Entfernung des Systems:
Sie brauchen den PASHA-cath nach Beendigung Ihrer Behandlung - spätestens jedoch nach 30 Tagen - nur herauszuziehen und die Punktionsstelle mit antiseptischer Salbe und einem sterilen Verband abzudecken.
 
 
 
KOMPLIKATIONEN 
Bei genauer Beachtung der Gebrauchshinweise entsprechen die Komplikationen nur jenen der schon bekannten Katheter und Elektroden. 
 
 
Es können folgende Komplikationen auftreten:
  • Infektionen: daher bitte höchste Asepsis beachten und Infektionsquellen des Patienten ausschließen. Eine perioperative Antibiotika-Prophylaxe in üblicher Weise sollte durchgeführt werden. 

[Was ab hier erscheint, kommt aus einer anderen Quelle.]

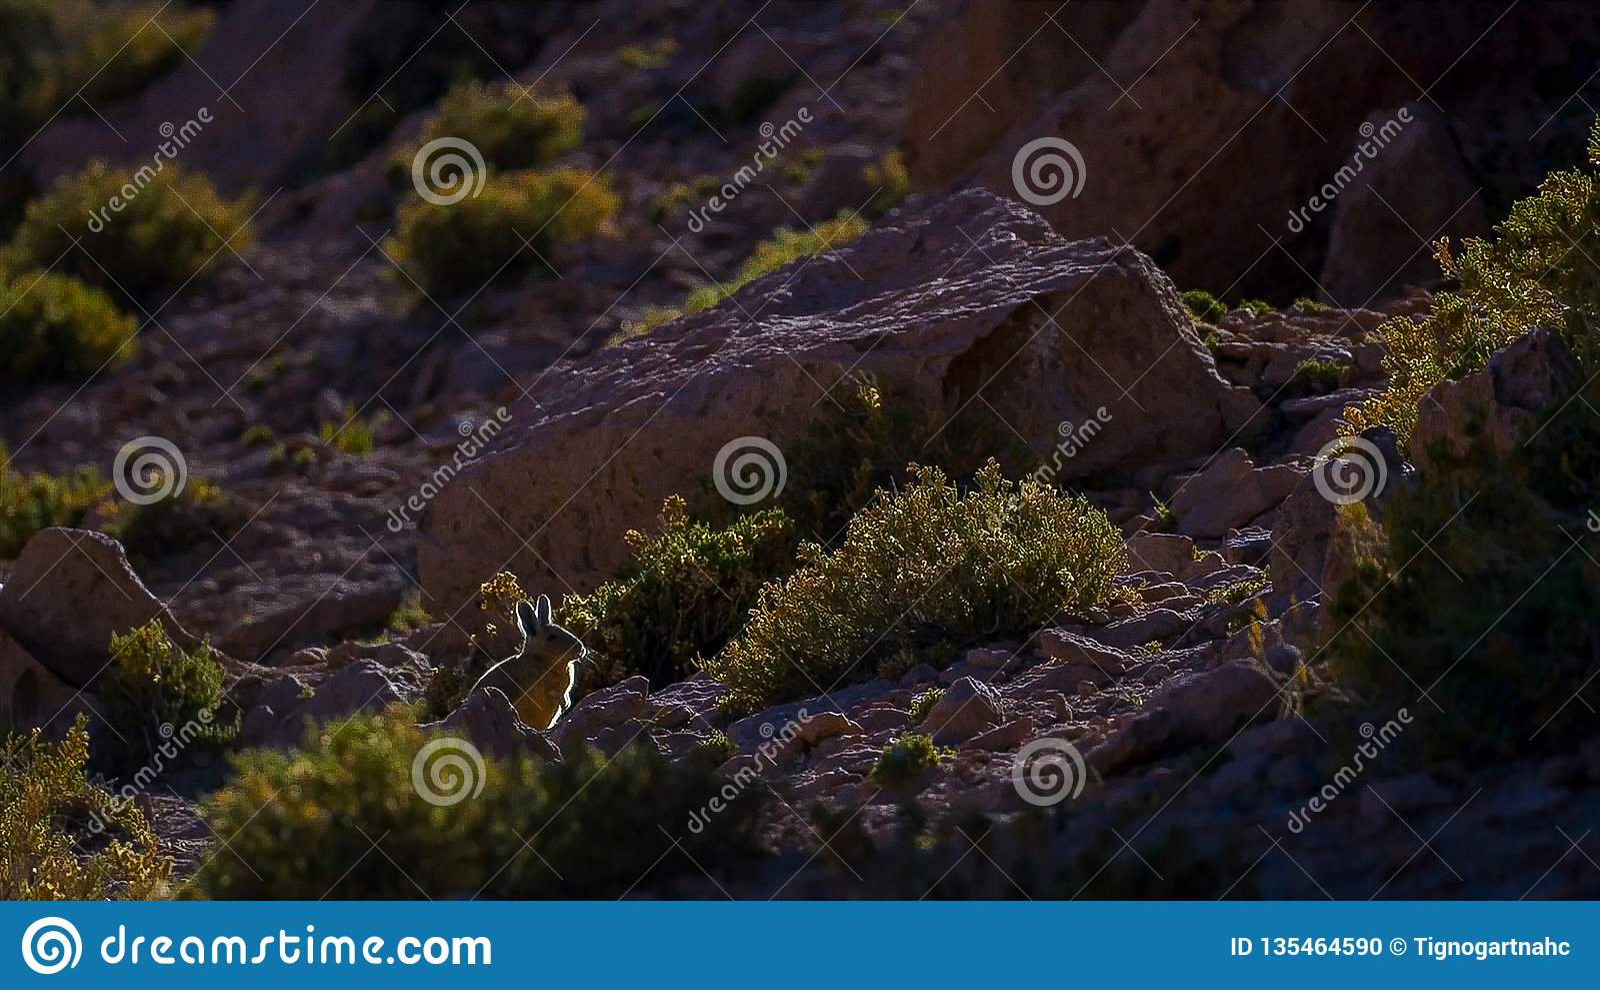 Lagidium do sul Viscacia de Viscacha ou de Vizcacha no deserto andino alto do platô em Bolívia
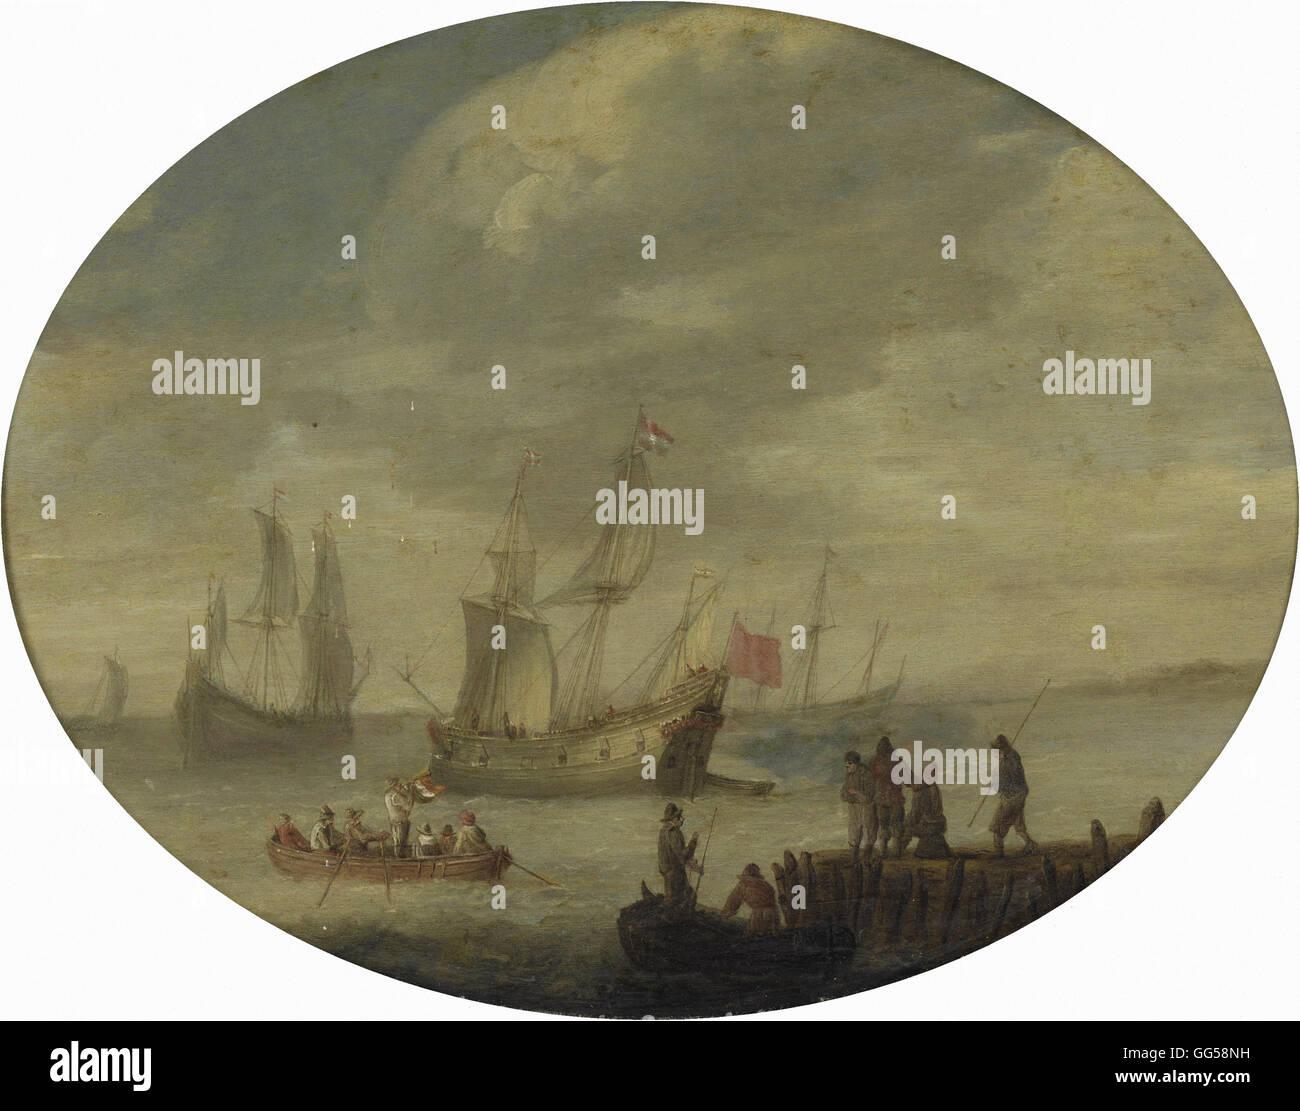 Abraham de Verwer - armados mercaderes frente a las costas holandesas preparando para zarpar Imagen De Stock

  • Blutungen und Hämatome: Durch vorsichtige Vorgehensweise, Bestimmung des Gerinnungsstatus minimieren. 
  • Temperaturschädigung der Strukturen: Darauf achten, dass Ihr Gerät auf den Modus PULS FREQUENZ STIMULATION eingestellt ist. Auf KEINEN Fall Temperatur Modus. Die Temperaturlimitierung beachten. Bei der PRF werden ca.42°C erreicht. Bitte immer die Gebrauchsanweisung der Gerätehersteller befolgen. 
  • Allergische Reaktionen durch die injizierten Medikamente. Beachten Sie bitte unbedingt die Anwendungsbestimmungen der jeweils benutzten Medikamente. 
  • Mechanische Verletzung von Strukturen: Diese können durch sorgfältige Vorbereitung und Durchführung minimiert werden. Die meisten Zugänge sind standardisiert. 
  • Abscheren der Sonde. Dies geschieht, wenn Sie die Metallkanüle während der Platzierung belassen und die Sonde gegen Wiederstand zurückziehen. Daher immer nur den Kunststoff Introducer benutzen.